__TASK DIRECTIONS__
In the entries below, find the line with "Bedgear - Frost" and the line with "Immunotherapeutic molecules and uses thereof"; reproduce those two lines and all lines between them exactly, without pictures.

__RECORDS TO PROCESS__
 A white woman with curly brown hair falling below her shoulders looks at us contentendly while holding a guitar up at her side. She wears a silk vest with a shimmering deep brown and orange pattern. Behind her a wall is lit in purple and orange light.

...

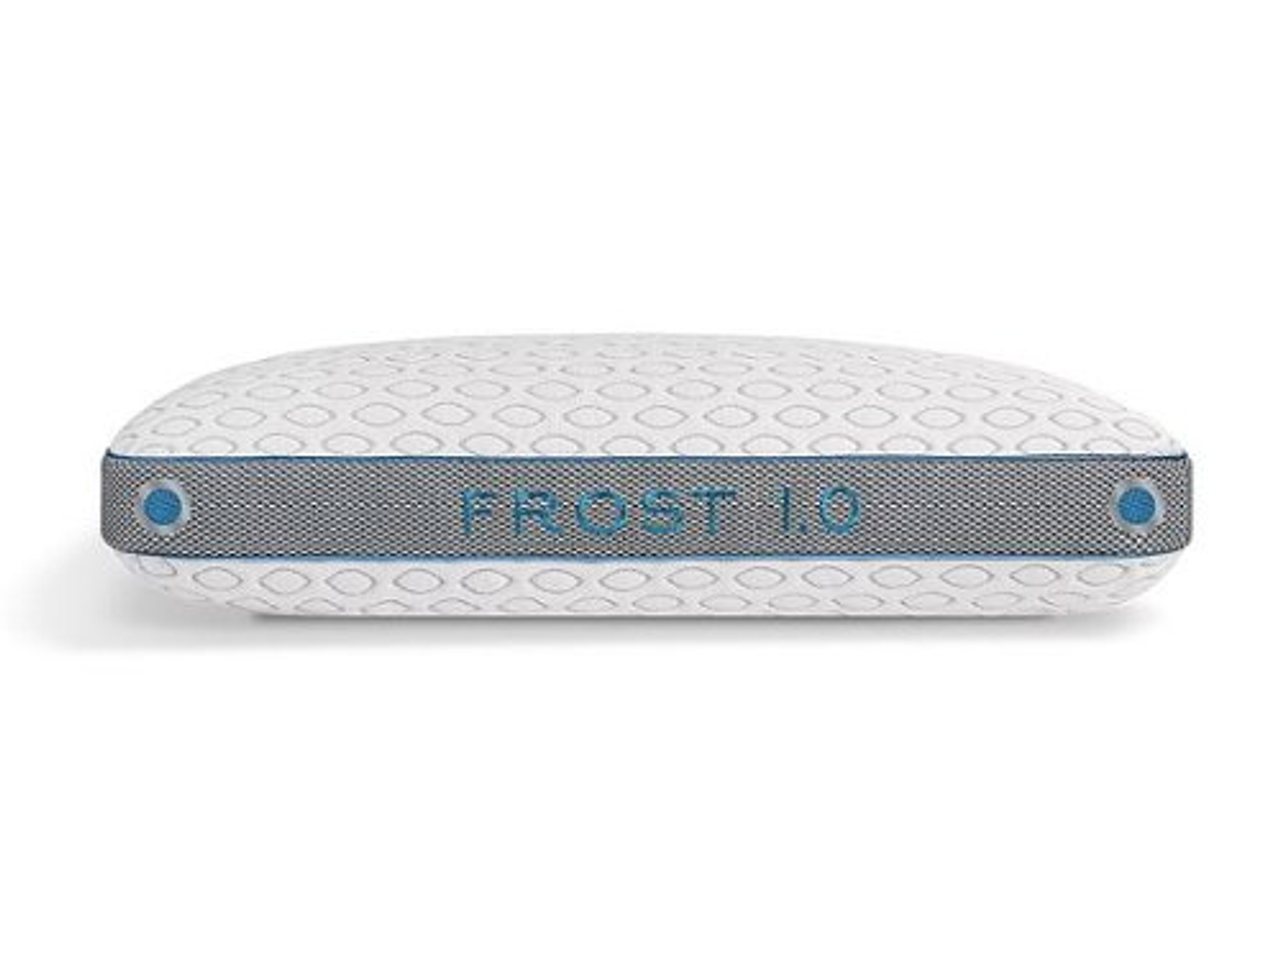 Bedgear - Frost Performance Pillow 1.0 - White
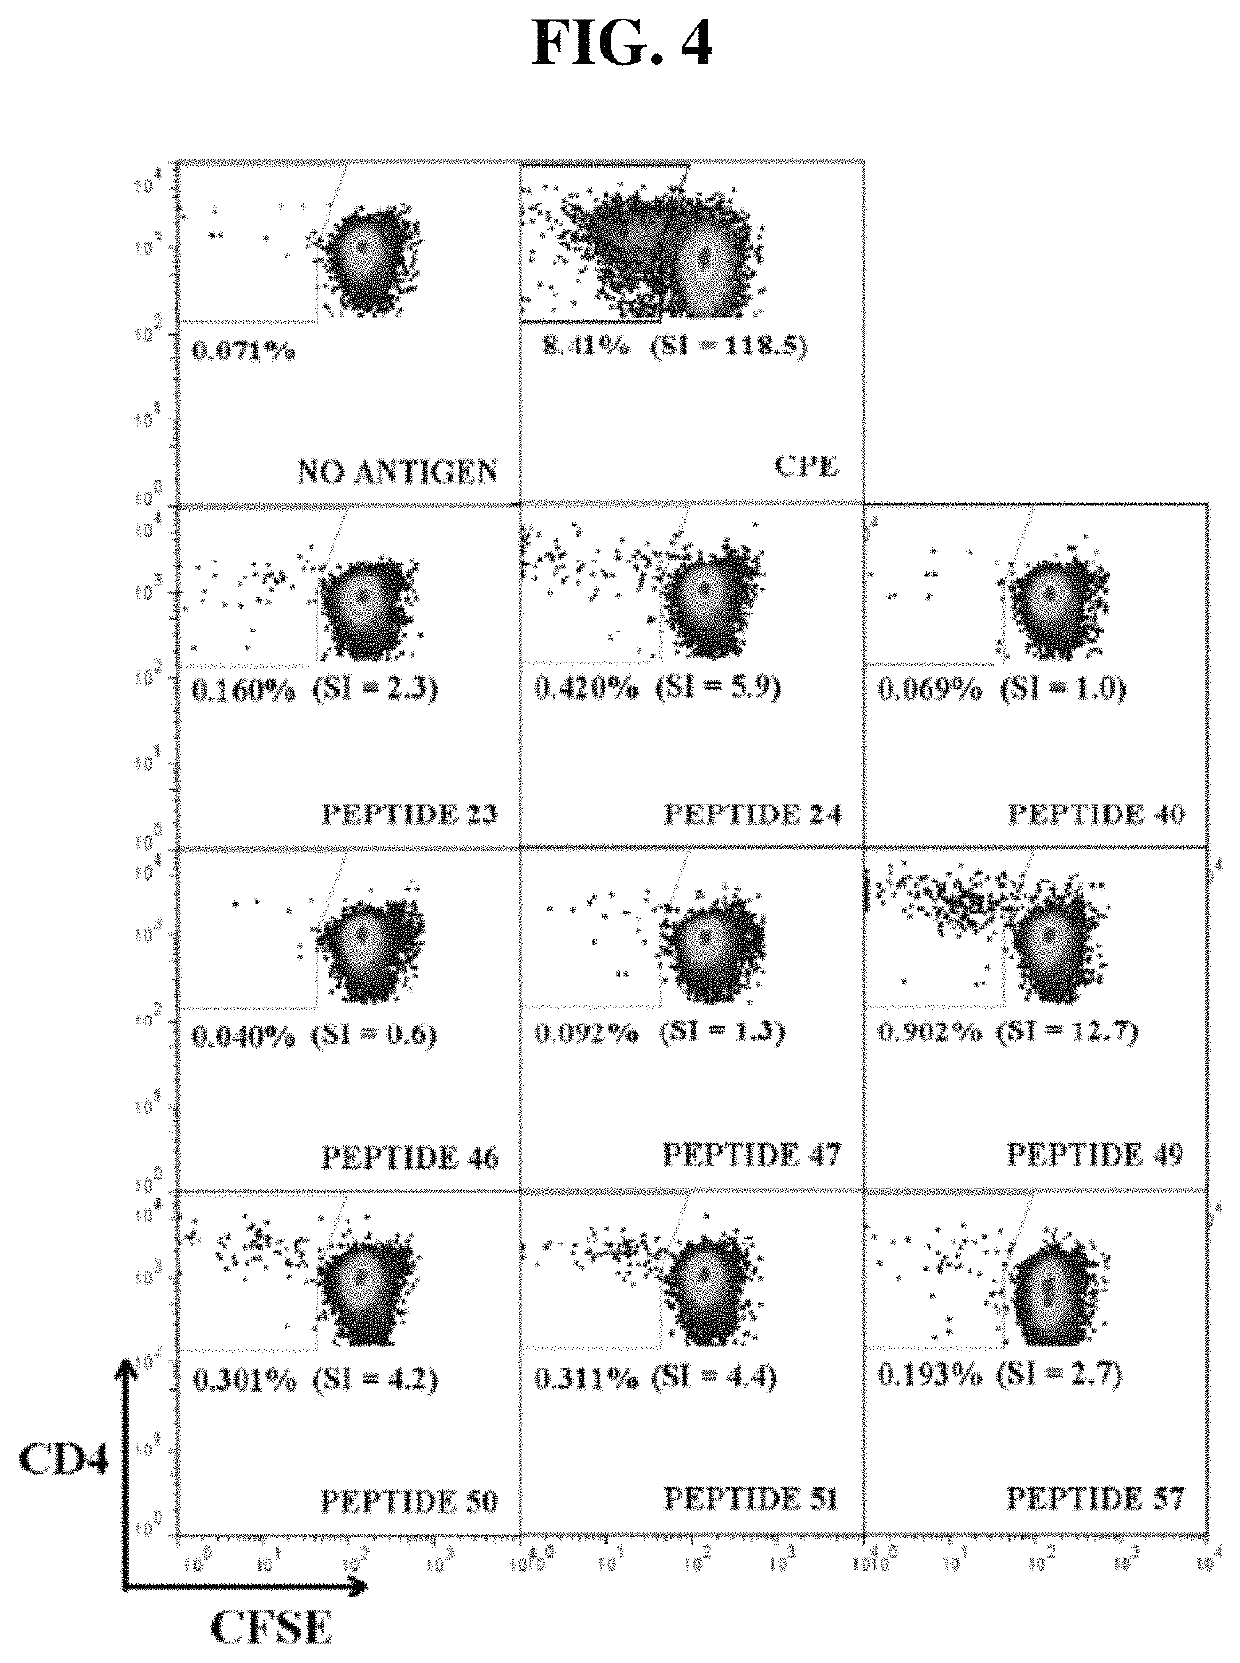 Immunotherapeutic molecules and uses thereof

__FINISHED TASK__
 Bedgear - Frost Performance Pillow 1.0 - White
 Immunotherapeutic molecules and uses thereof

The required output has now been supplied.